GIOVANNI XXIII, antipapa

Enciclopedia dei Papi (2000)

Giovanni XXIII, antipapa

François-Charles Uginet

Baldassare Cossa, figlio di Giovanni e di Ciocciola Barile, nacque, probabilmente a Napoli, intorno al 1360/1365. La famiglia del padre, insignito del titolo di signore di Procida, era originaria d'Ischia. I Cossa erano in strette relazioni con quel nucleo di famiglie napoletane che si trovavano ad esercitare particolare influenza sui pontefici di obbedienza romana dopo che due di questi, eletti l'uno di seguito all'altro, Urbano VI e Bonifacio IX, erano usciti dalle sue fila.
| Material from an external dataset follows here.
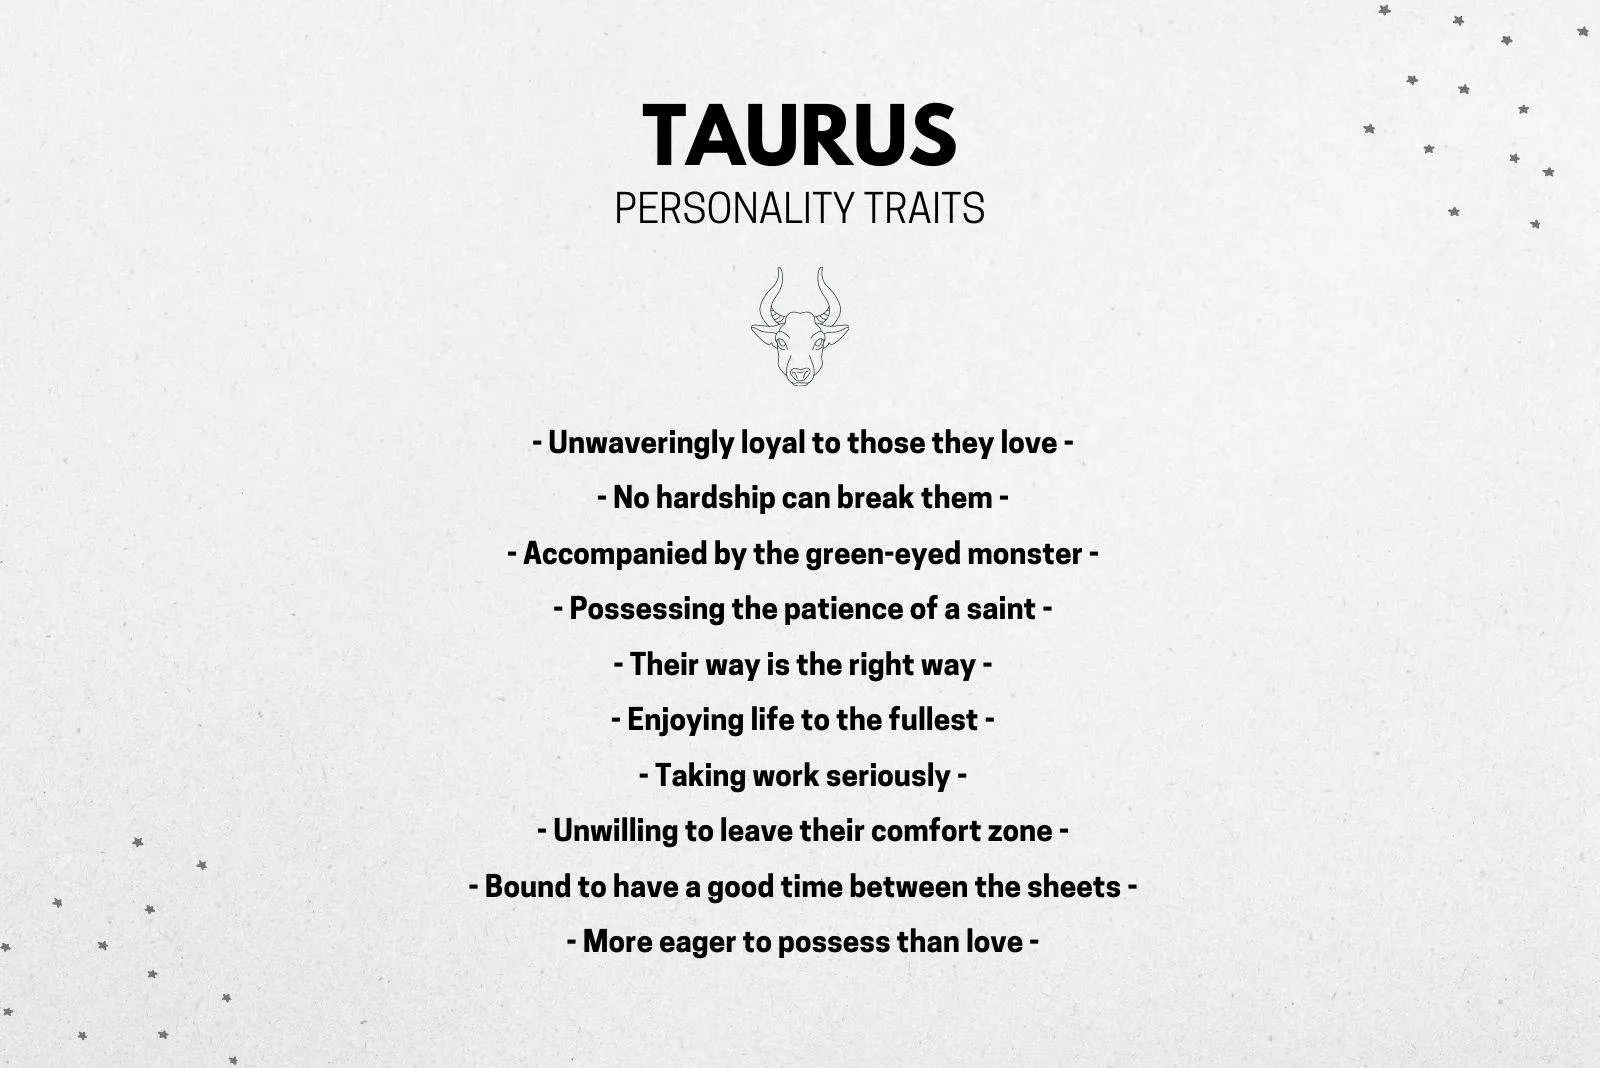 Taurus Men Possessive Of Partner

Inviato all'Università di Bologna, Cossa vi ottenne, al termine di un ciclo di studi durato più di dieci anni, un dottorato in diritto che i suoi avversari attribuiranno in seguito più al favore che al merito. È anche vero che tale pratica non era infrequente e che, in quel periodo, l'arcidiacono di Bologna fu sempre un napoletano vicino al potere pontificio e alla cerchia di famiglie con le quali erano imparentati i Cossa. La scelta della carriera ecclesiastica sembra gli sia stata imposta per ragioni di opportunità, alle quali non fu estranea una strategia famigliare che riponeva sicure speranze in un personaggio certamente ricco di doti.

Dal 1386 è attestato come canonico della cattedrale di Bologna, commissario del cardinale legato della città e vicegerente del Capitolo. Questi benefici ed incarichi erano dovuti probabilmente ai suoi legami di parentela o clientelari con il vescovo di Bologna Filippo Carafa, che sarebbe morto nel 1389. Quello stesso anno Cossa figura nella "familia" del cardinale Pietro Tomacelli, eletto in seguito papa (il 2 novembre) con il nome di Bonifacio IX. Già a partire dal 7 agosto 1392 lo si trova a Roma come "cubicularius" del pontefice e, il 9 dicembre 1396, è nominato arcidiacono di Bologna, funzione che manterrà, a dispetto delle successive promozioni, fino al 1404. Il 27 febbraio 1402 Bonifacio IX lo fa entrare nel Sacro Collegio come cardinale diacono del titolo di S. Eustachio, in occasione di una promozione cardinalizia nella quale Antonio Caetani, fratello della cognata del papa, è l'unico altro eletto.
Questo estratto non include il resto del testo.